On 04 Jun 2014, at 22:49, Robert Metzger <
rmet...@apache.org> wrote:
> 2) Yes, the UDFs only provide iterators. I think there is no fundamental limitation behind it. I guess the authors could not imagine a use case where this is really required. In addition to that, it saves you from writing an additional line of code, where you create a local iterator. It is probably not very difficult to resolve the limitation. I'm just not sure if it is really required. (In general, I'm not 100% sure about this answer)
There is no technical reason.
We had this discussion some time ago I am strongly in favour of returning an Iterable (or IterableIterator) instead of an Iterator. There also (closed) issues for this related to Spargel:
https://github.com/stratosphere/stratosphere/issues/425
https://github.com/stratosphere/stratosphere/pull/433
A reason against Iterable is that users could request multiple iterators via `iterator()`, which wouldn't work with our runtime. But we could make sure that it's only allowed to call this method a single time and throw an Exception if it's called more often.
The new API would have been the perfect time to introduce Iterable. :-( We hesitated before, because we didn't want people to have to change their programs. Still, I think we should go for it as it makes the UDFs less verbose, which is a good thing and people can still use the iterator if they need to via `iterator()`. Then again it might be just a matter of taste. ;-)

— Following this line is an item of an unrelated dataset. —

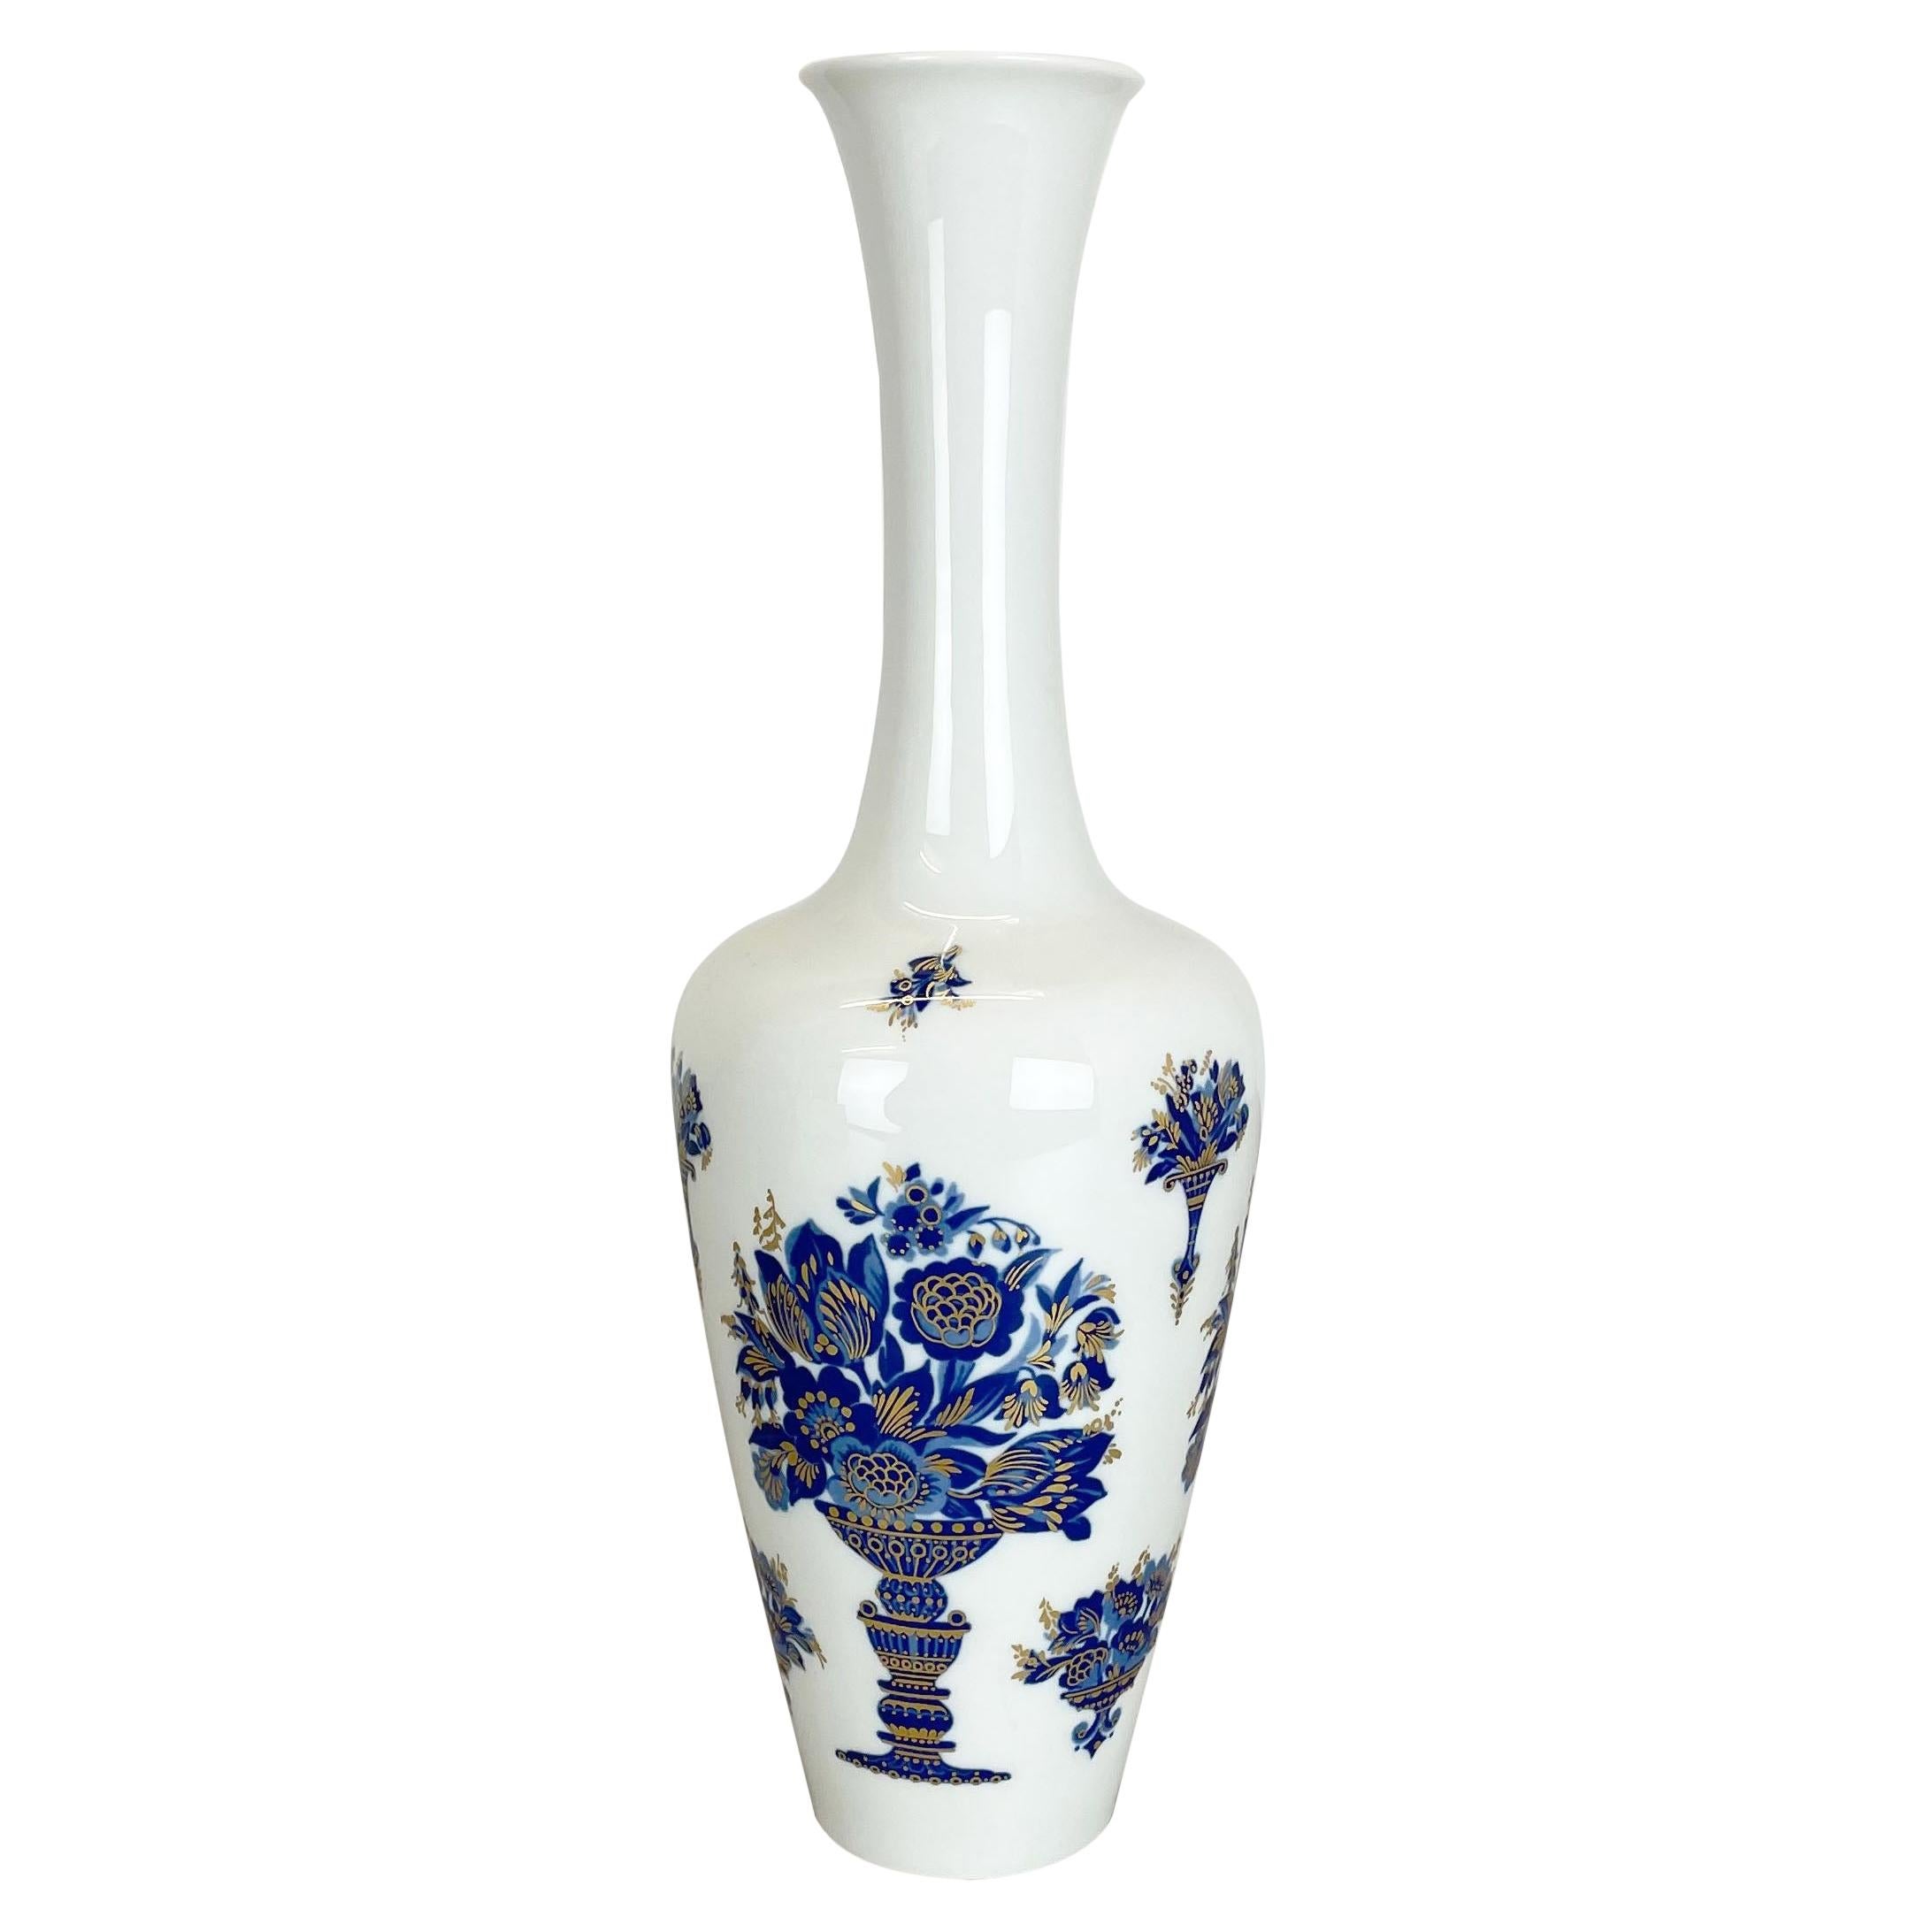 Original 1970s Op Art Vase Porcelain German Vase by Heinrich Ceramics, Germany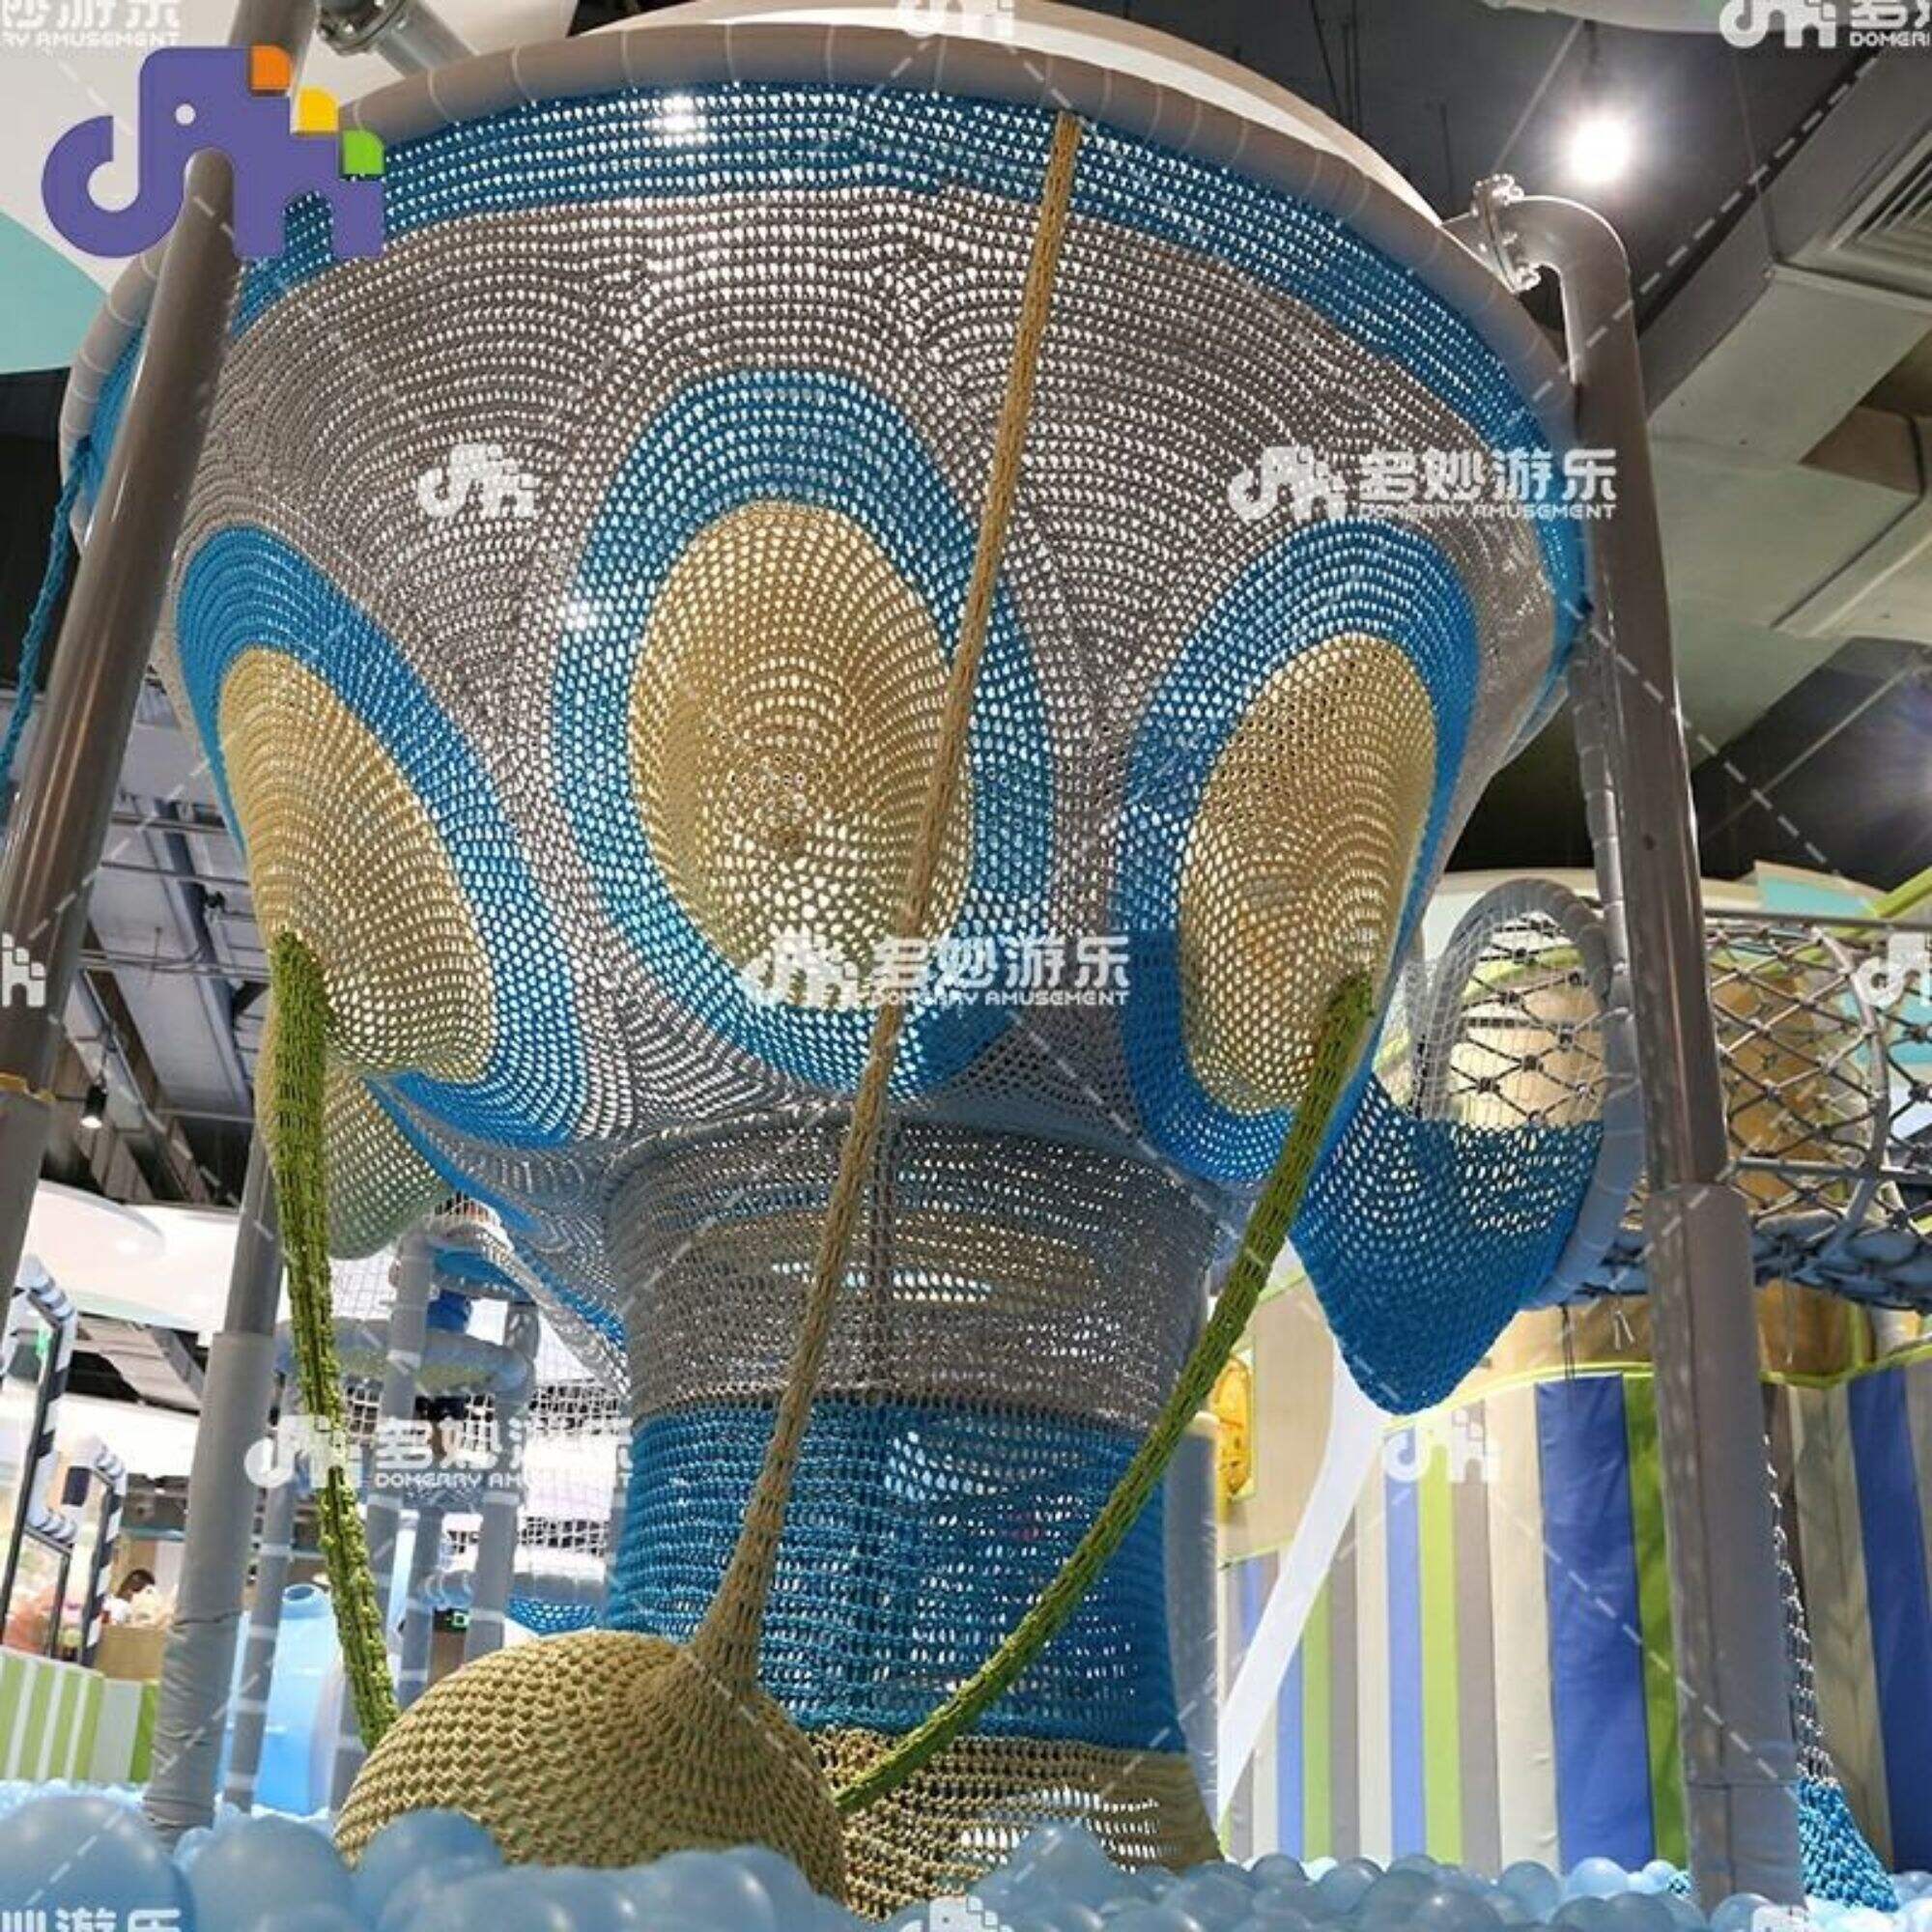 Plasa de alpinism comercial personalizata pentru paianjen pentru copii, echipament pentru parc de distractii de interior

> 3) Yes. In order to maintain a list of all incoming objects inside a UDF, you have to copy them because we are re-using the objects internally.
There is also a plan to provide the option to turn re-using objects off (which will impact performance). I can't find the issue, but someone else ran into a similar problem a short while ago. Is there a separate issue to allow this?
> 4) Well, thats a good question. I personally ignore the warnings ;)
> We can not really do anything about it, since we want to have Serializable classes and you can not inherit the serial version id. So its basically a limitation of the programming language / runtime we are using. If you are not going to "maintain" the serialVersionUID (change it with each change) its actually pointless to have it at all.
I see the technical reasons for it (
http://stackoverflow.com/questions/285793/what-is-a-serialversionuid-and-why-should-i-use-it), but also find it "inconvenient" (for the lack of a better word) to either suppress the warning or provide a serialVerisonUID. As a user, I don't want to think about serialization.